Many of these singers are known to us through their phonograph records: The rough-voiced Mattie Delaney; Ethel McCoy; Rosa Lee Hill, Precious Bryant, all of these women accompanied themselves on guitar, as did the obscure Elvie Thomas and Geeshie Wiley, and as did Jessie Mae Hemphill, who died in 2006. Other female instrumentalists never recorded, and it was all too easy to read a hint or two about their existence without its ever registering in one’s consciousness. For example, one writer noted that Teddy Darby had “fooled around with his mother’s [guitar] … but had made slight progress on it at that time.”9 Nothing more is known about the guitar talents of Darby’s mother, and this isn’t the only enticing reference of this kind. McKinley James, Robert Shaw, Louis Myers, J. B. Lenoir, and Tommie Lee Russell all had guitar-playing mothers.10 In sum, while dozens of female performers gained a reputation as blues singers on the vaudeville stage in the early twenties, the later twenties saw the rise in popularity of the self-accompanied, downhome male blues singer. Hidden by this schematic, however, were a number of women who performed in a rural style and accompanied themselves on guitar. How well hidden they were can be seen from this comment by bluesman James Watt, when asked about Minnie’s same-sex competitors. “There was only Memphis Minnie. There wasn’t too many girl blues singers out.”11
Thus, there was a significant current of women country blues performers, hidden from us through the traditional manipulation of “opposing” categories like male/female, urban/rural, downhome/city.12 What was also hidden was the degree to which this performance style embodied, for the blueswoman, a real gain in autonomy and independence, usually reserved for male artists. Even the most pragmatic assessment reveals considerable personal benefit.

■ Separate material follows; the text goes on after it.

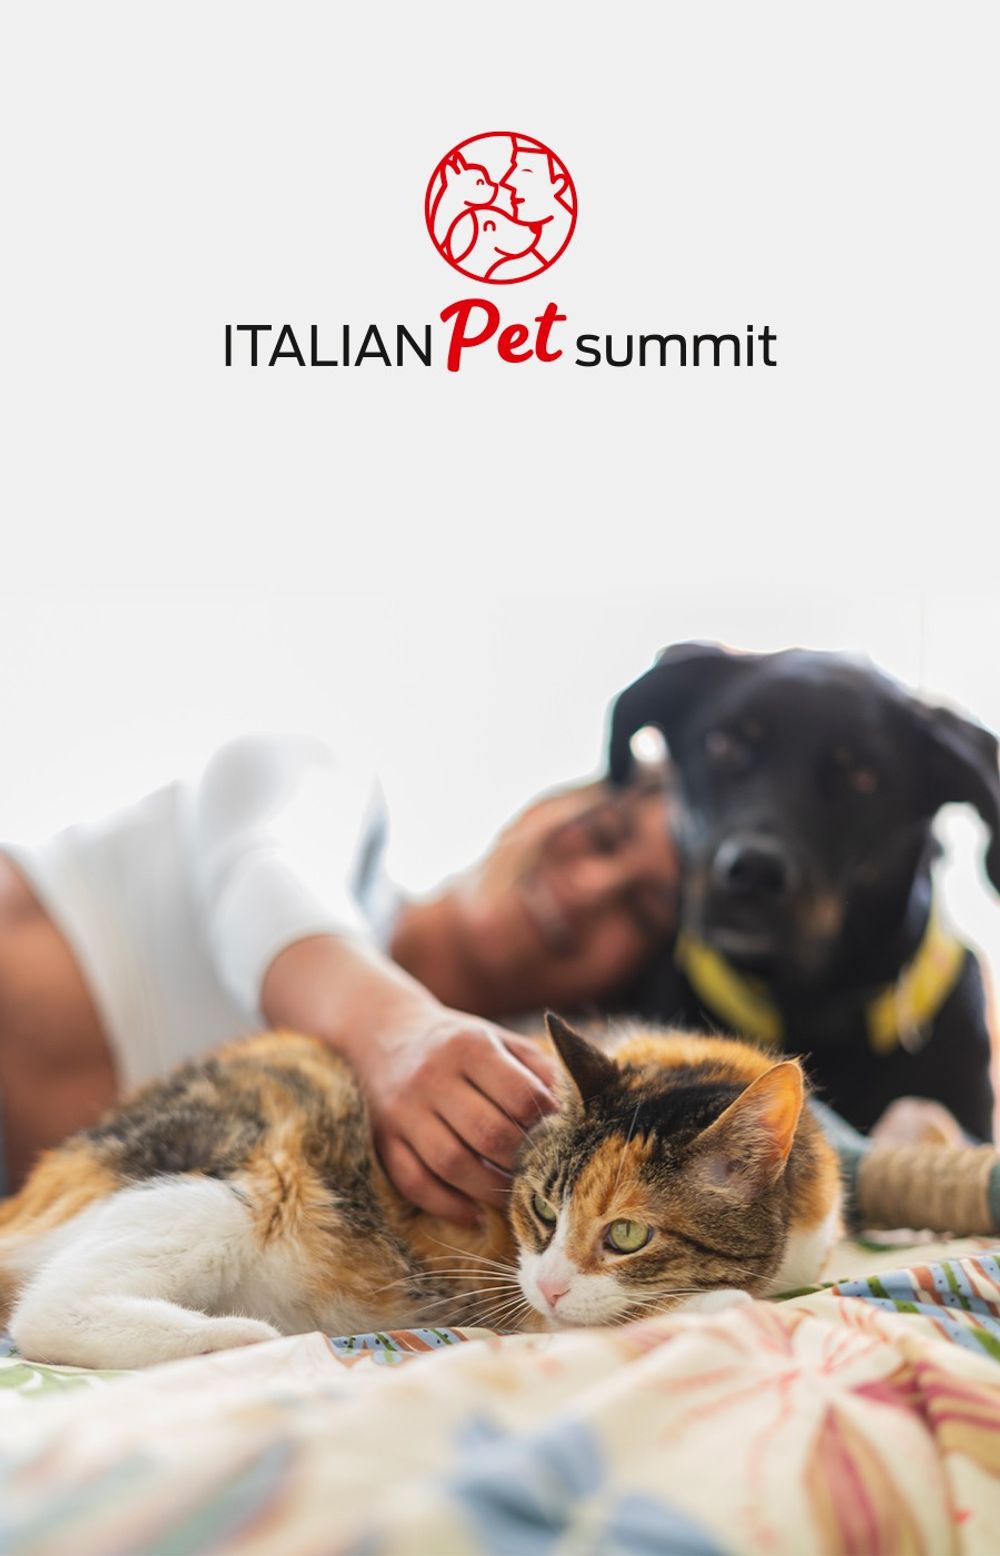 Italian Pet Summit 2024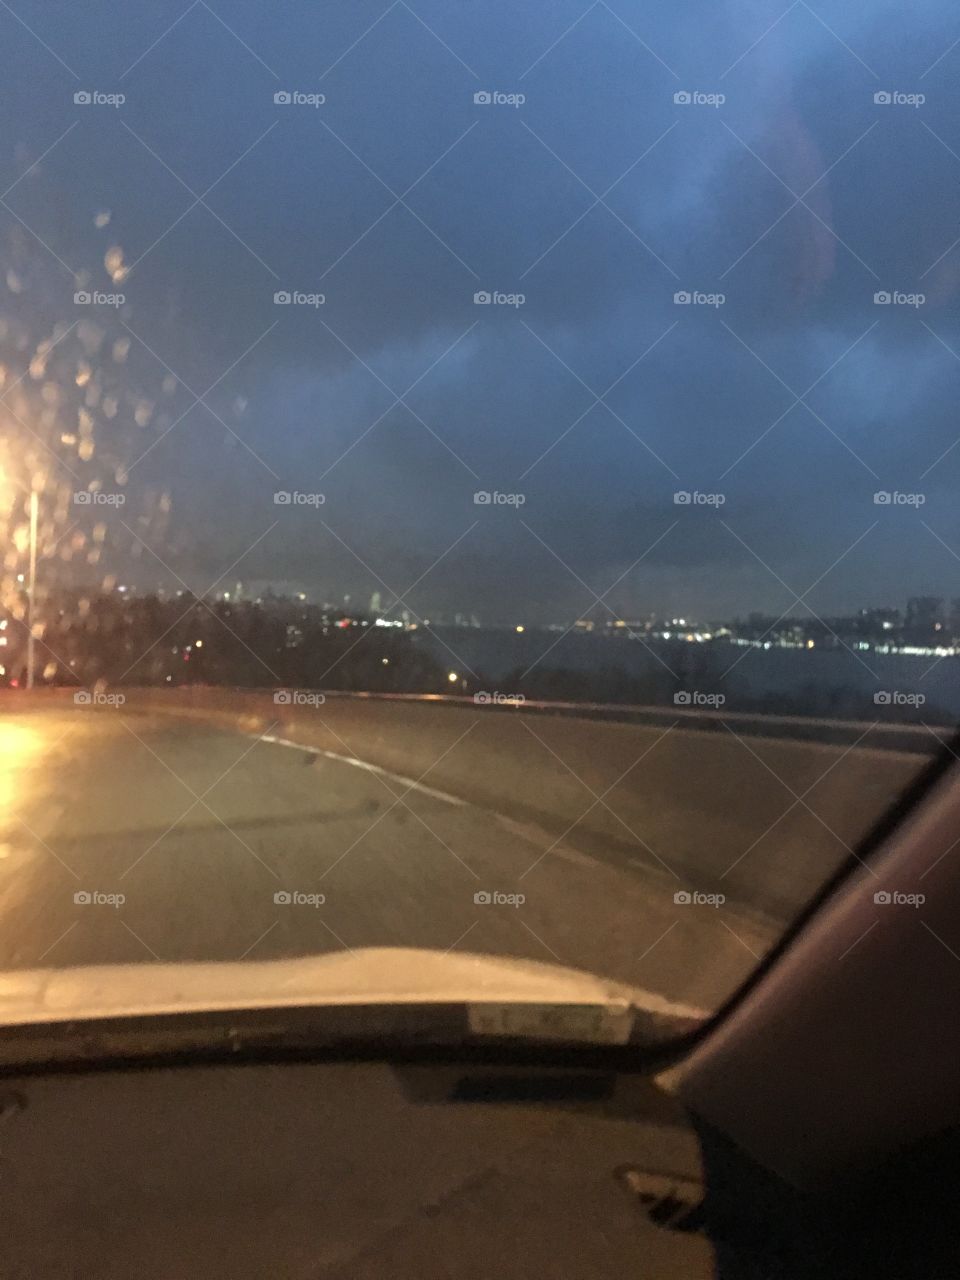 City from car on rainy night

For example, much glamour was attached to the role of blues singer, regardless of how and where it was fulfilled. The wages of even the lower-paying music jobs were considerably in excess of the pitiful amounts paid to women in agriculture and domestic service or the lowest-level factory work open to poor and under-educated black women. In factory work, black women were often paid less than black men. And blues singing was far easier than back-breaking work like picking cotton.13 We will see that it was this latter task that Minnie would do anything to avoid. What made her so unusual was that she could do something.
Performance at picnics, suppers and juke joints also enabled her to establish an intimacy with her audience that the vaudeville stage made difficult. Further, Minnie wrote much of her own material. This not only enabled her to avoid the pressure and management of the often exploitative male songwriters, but it reinforced her own imaginative committment to her songs. She was also her own manager, a gratifying role for such an obviously independent woman. Finally, Minnie played the lead guitar of her partnerships and performed more lead and solo vocals than did her partners. She also released more single records than her partner(s) or husbands. All of these factors combined to make it possible for Minnie to assume a musical identity that before her time had been achieved mostly by males. And there is considerable evidence that Minnie was acutely aware of the unusual aspects of the life she chose to live.
THREE
SOUTHERN NIGHTS
I want to be the opening act between this planet and the sun.
—Jayne Cortez
When Woman with Guitar was first published, we wrote that Memphis Minnie’s family moved from Algiers, Louisiana, located right across the Mississippi River from New Orleans, to Walls, Mississippi, just outside Memphis, Tennessee. Visiting Walls for the first time, we wrote that nearly a century later, you could stand on the railroad tracks in Walls, and with your face turned to the west, look out over dusty farmlands that had changed little in the last hundred years. That the view to the east was dissimilar and a bit more modern gave you the eerie feeling that for just the moment of your standing there, you actually embodied, in a symbolic way to be sure, part of the history of Memphis Minnie. For the drama that began there and unfolded in Chicago and Memphis and all points in between, and that finally played itself out in Memphis, never freed itself from the critical crossing of the modern with the old, the city with the country, the urban with the rural. Within the nexus of these contradictory and opposing forces, and probably rarely at peace, Memphis Minnie sang her blues.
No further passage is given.